The point oscillates harmoniously with an amplitude of 3 cm, a frequency of 20 Hz, an initial phase of п / 6

The point oscillates harmoniously with an amplitude of 3 cm, a frequency of 20 Hz, an initial phase of п / 6. Find the equation of this oscillation, the speed and acceleration of the point for any moment of time.

v = 20 Hz.

φ0 = п / 6.

x (t) -?

V (t) -?

a (t) -?

The equation of harmonic oscillations has the form: х (t) = А * sin (φ0 + ω * t), where А is the amplitude of oscillations, φ0 is the initial phase, ω is the cyclic frequency.

ω = 2 * P * v.

x (t) = 3 * sin (P / 6 + 40 * t).

The dependence of the speed is a derivative of the coordinate: V (t) = x (t) “.
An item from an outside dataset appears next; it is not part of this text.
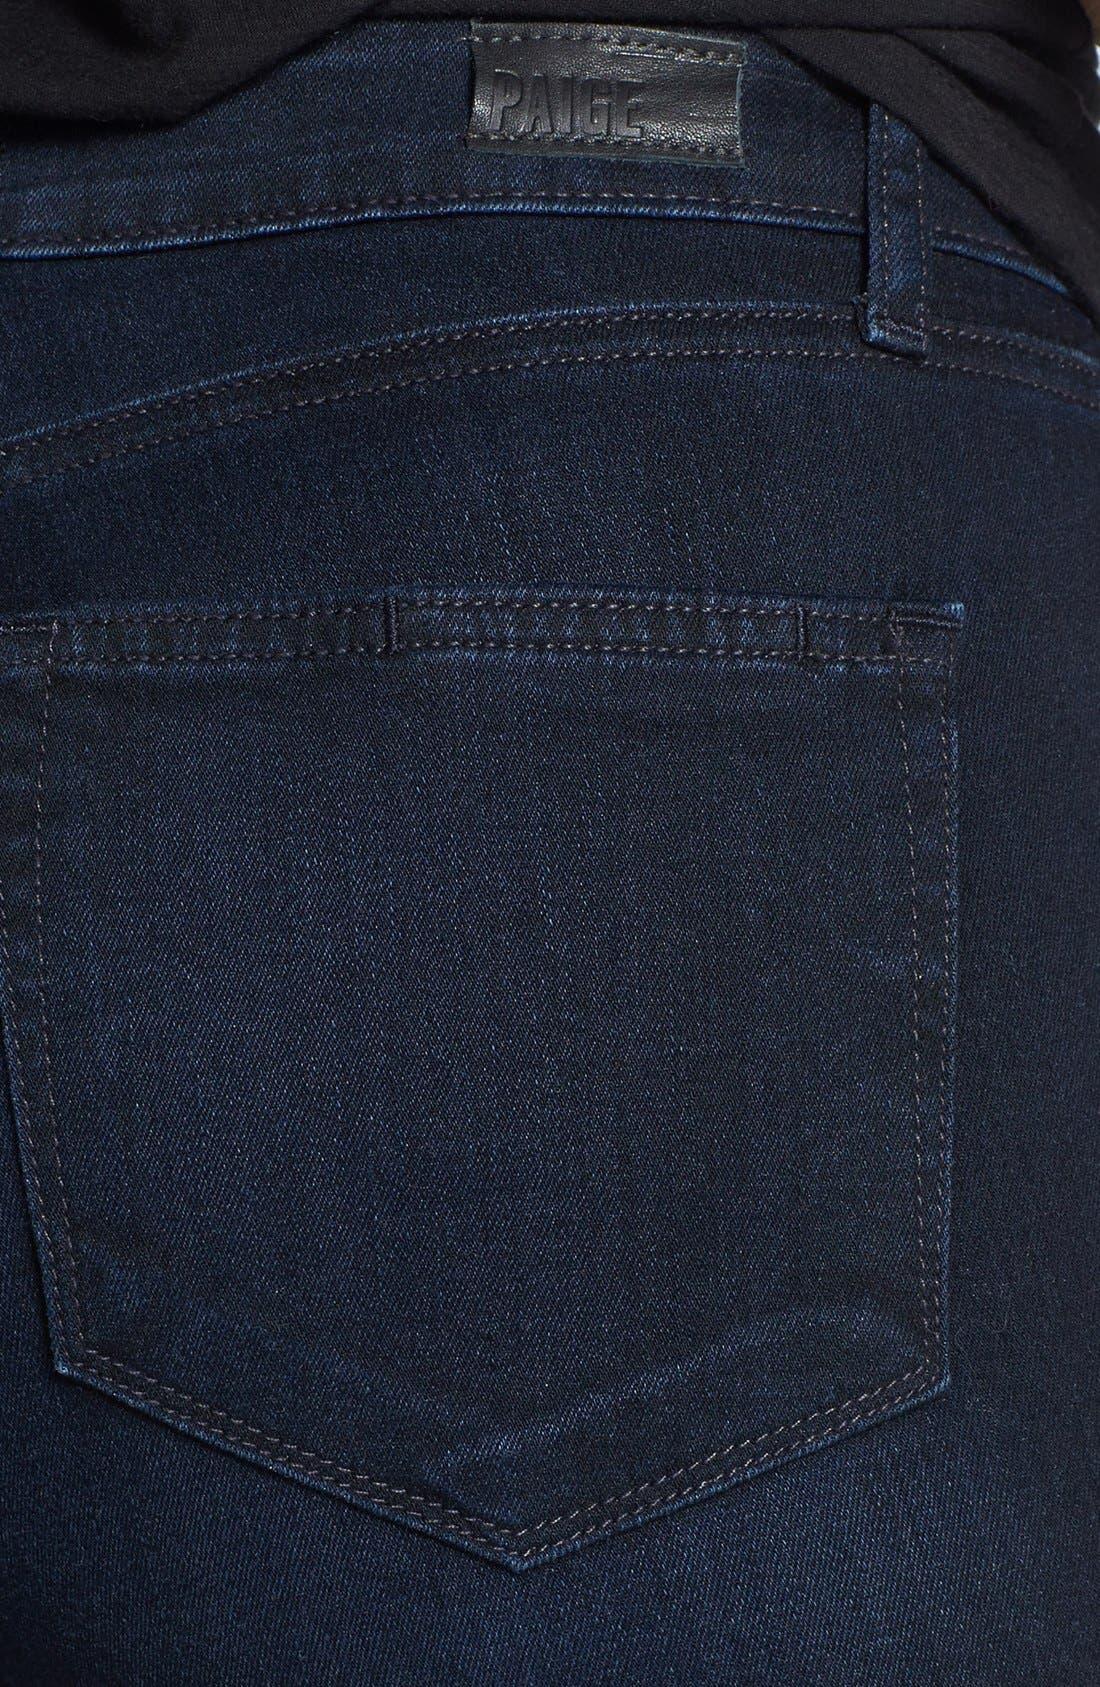 Alternate Image 3  - Paige Denim 'Canyon' High Rise Bell Bottom Jeans (Peyton)
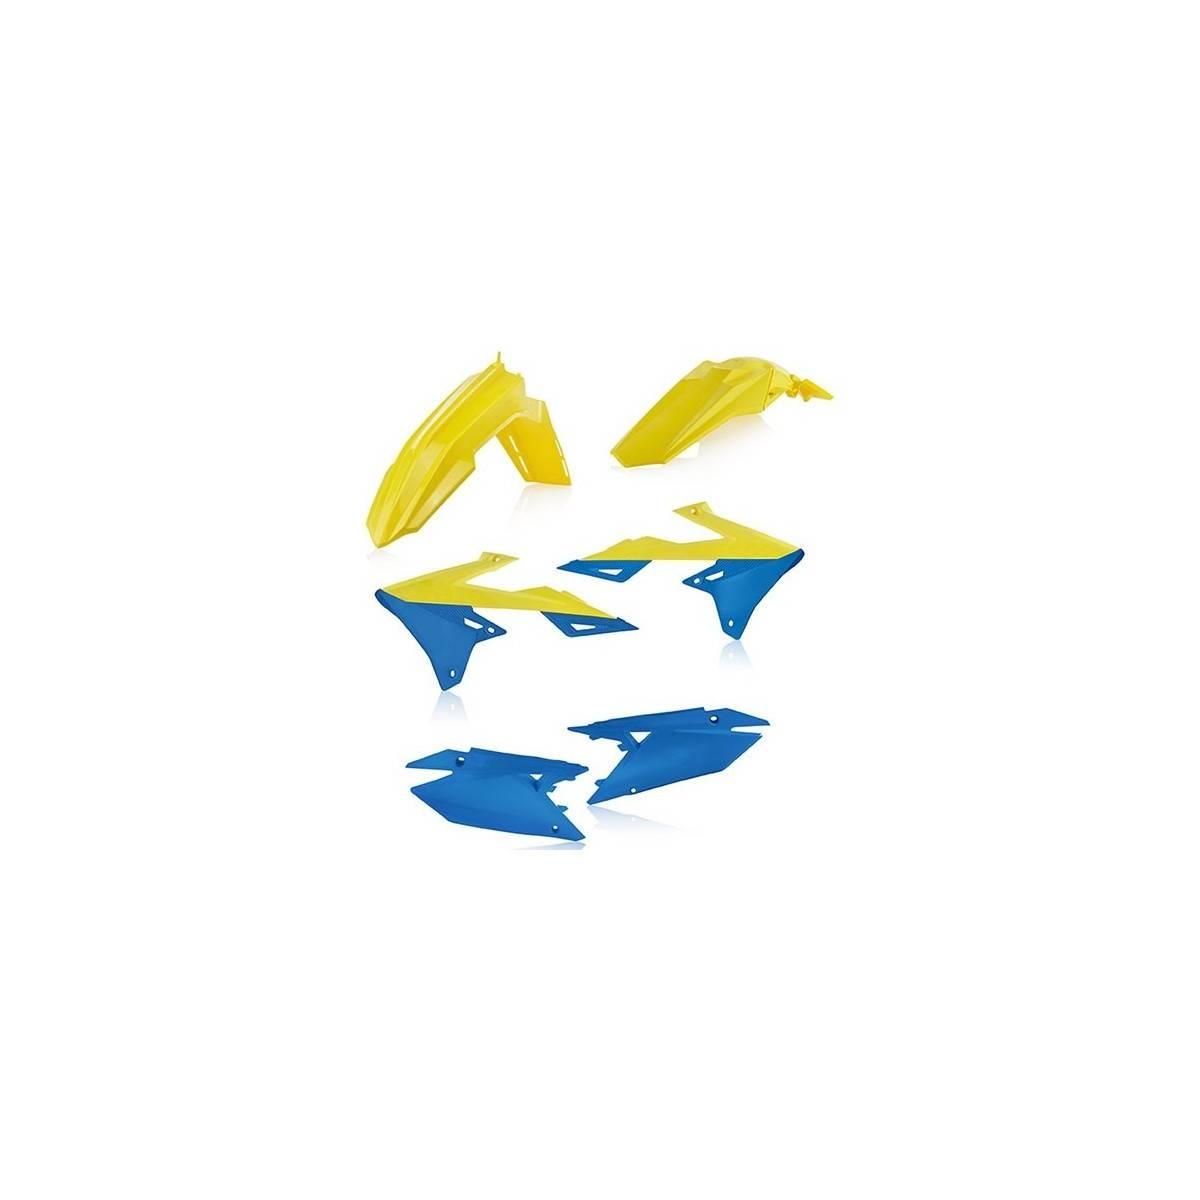 0023066-274 - Kit Plasticos Rmz 450 18 Azul Amarillo

The dependence of the acceleration is the derivative of the speed: a (t) = V (t) “.

V (t) = x (t) “= (3 * sin (п / 6 + 40 * t))” = 3 * cos (п / 6 + 40 * t) * (п / 6 + 40 * t) ” = 3 * cos (п / 6 + 40 * t) * 40 = 120 * cos (п / 6 + 40 * t).

a (t) = V (t) “= (120 * cos (п / 6 + 40 * t))” = – 120 * sin (п / 6 + 40 * t) * (п / 6 + 40 * t) “= – 120 * sin (п / 6 + 40 * t) * 40 * t = – 4800 * sin (п / 6 + 40 * t).